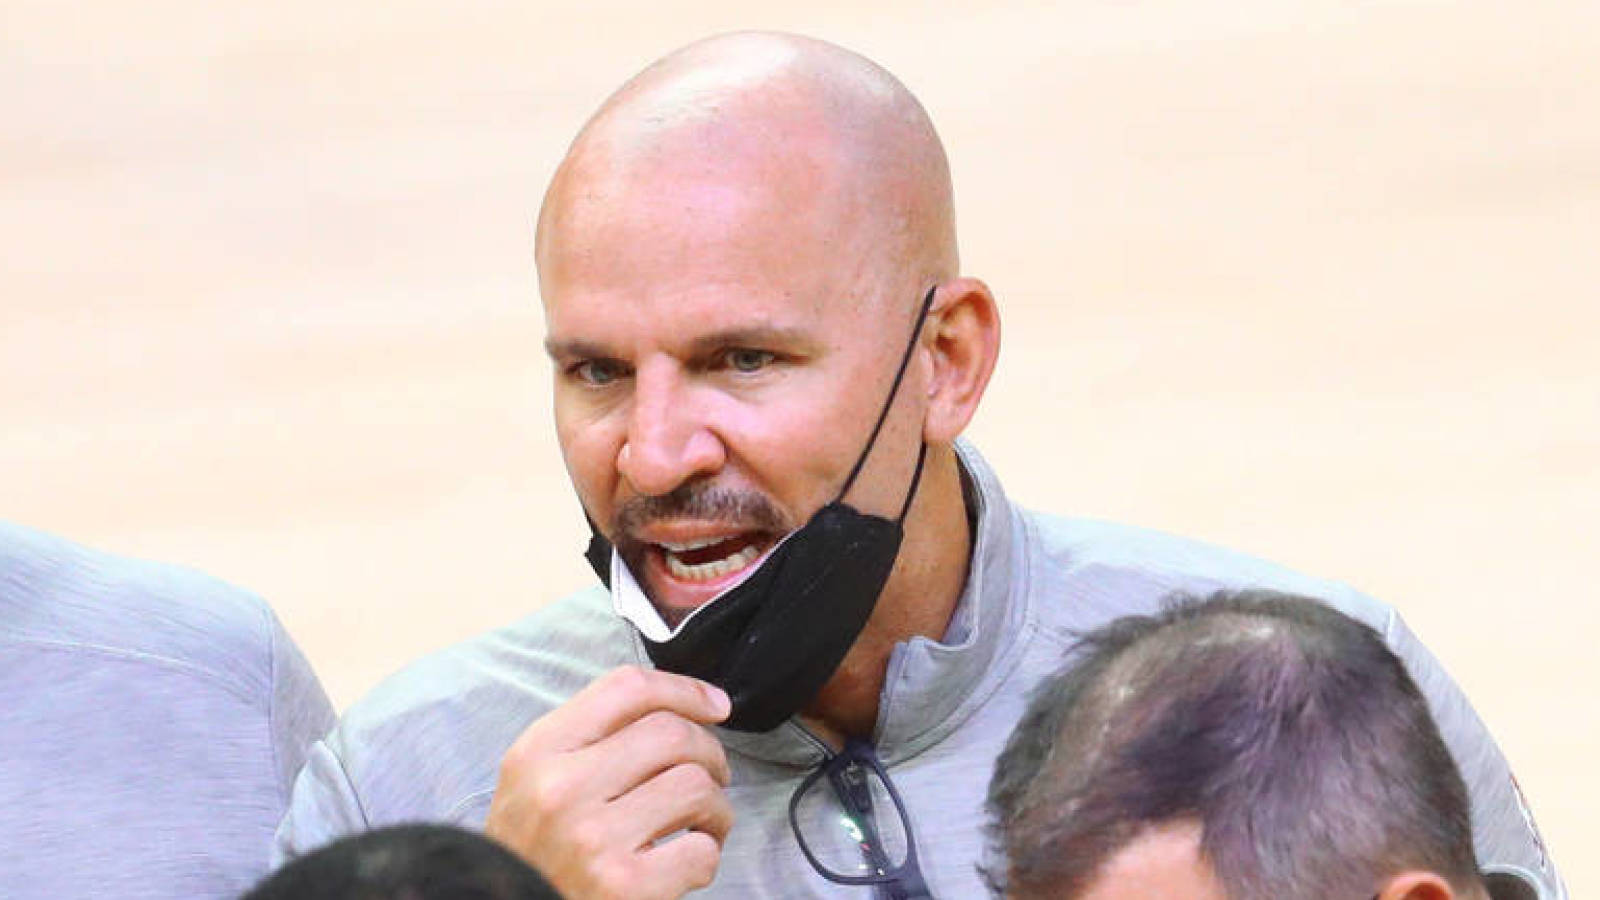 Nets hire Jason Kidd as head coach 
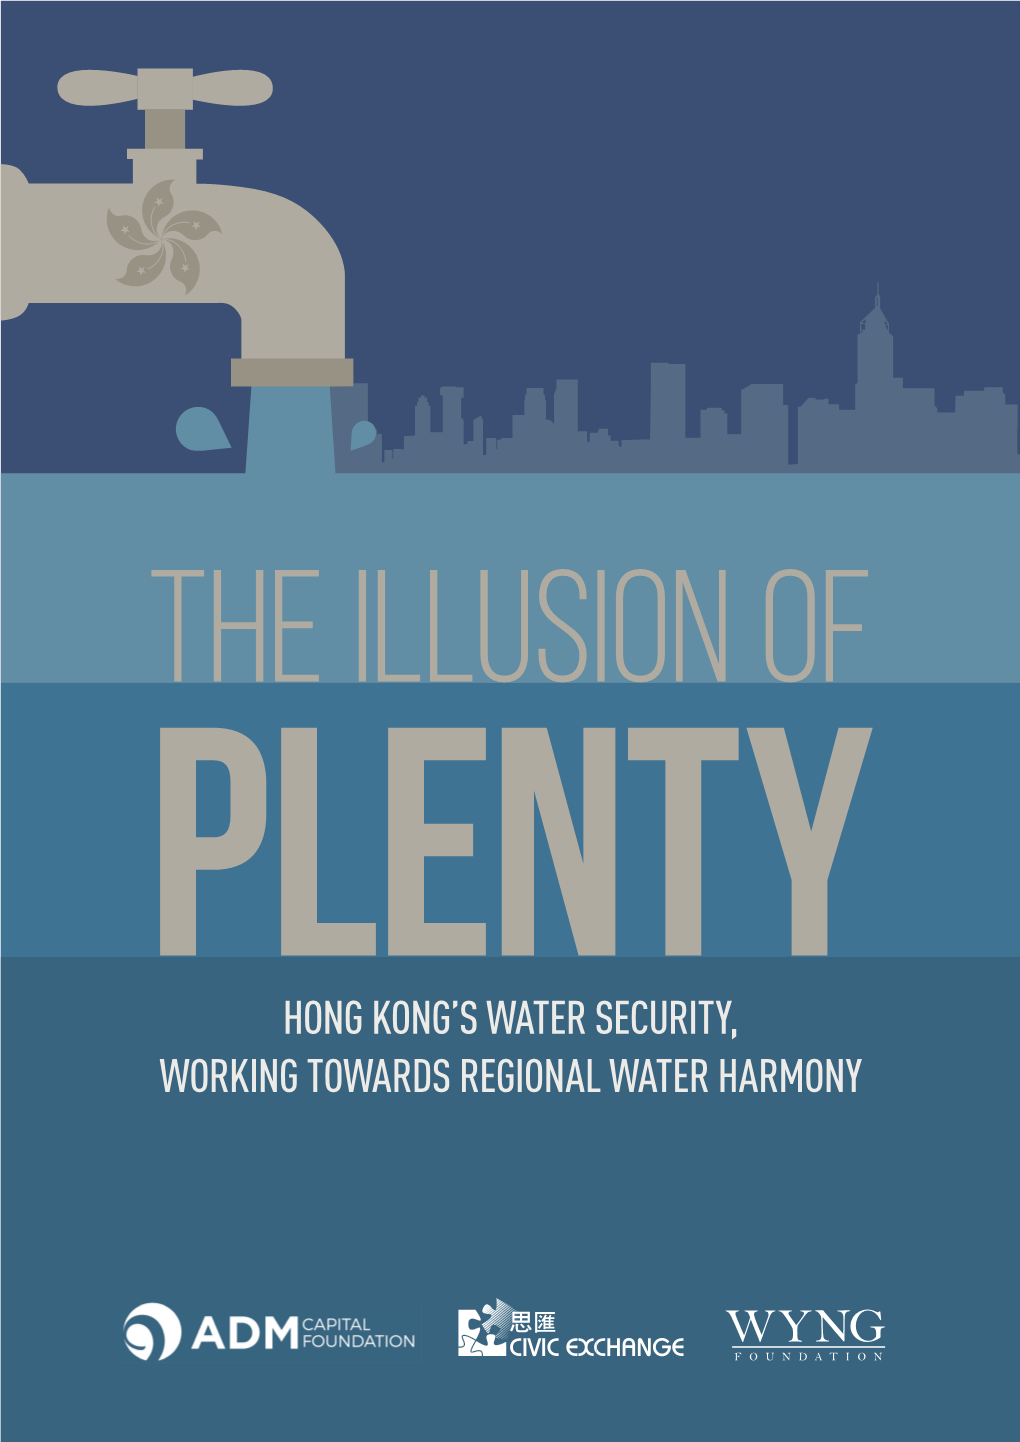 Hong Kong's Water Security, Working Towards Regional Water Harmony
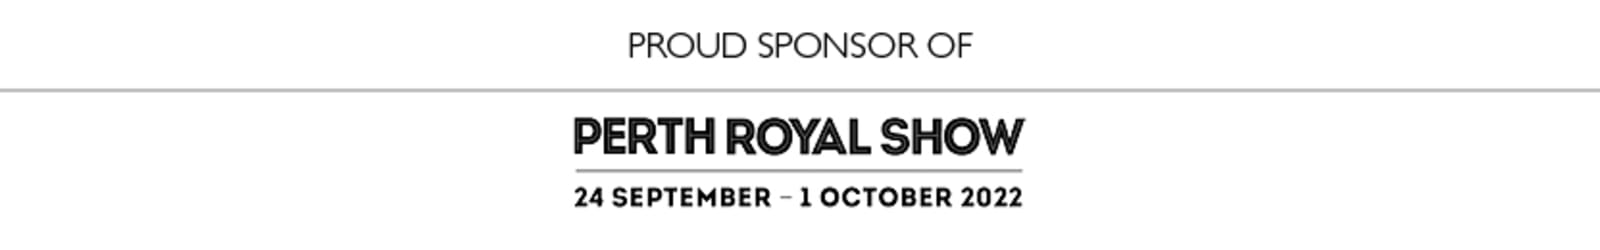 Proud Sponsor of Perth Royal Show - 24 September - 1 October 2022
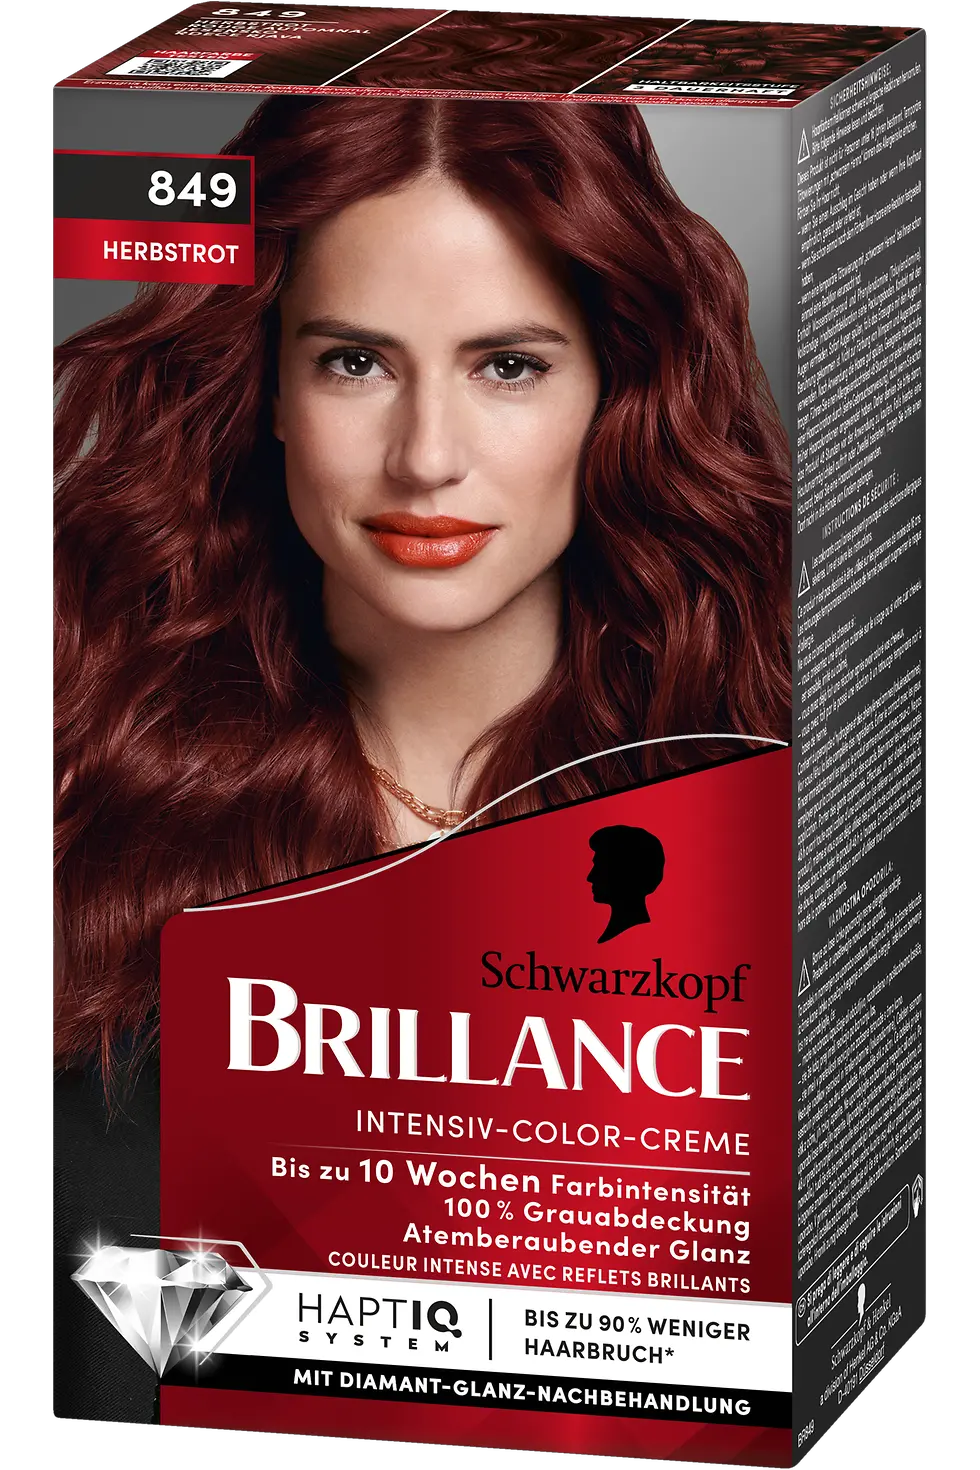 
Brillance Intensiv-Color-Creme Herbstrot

Exercise prompt
Find the line with "Hong Kong's Water". Return it and each line after it through the end of the data, exactly, without pictures.

Reply to the task
 Hong Kong's Water Security, Working Towards Regional Water Harmony
 Proud Sponsor of Perth Royal Show - 24 September - 1 October 2022
Brillance Intensiv-Color-Creme Herbstrot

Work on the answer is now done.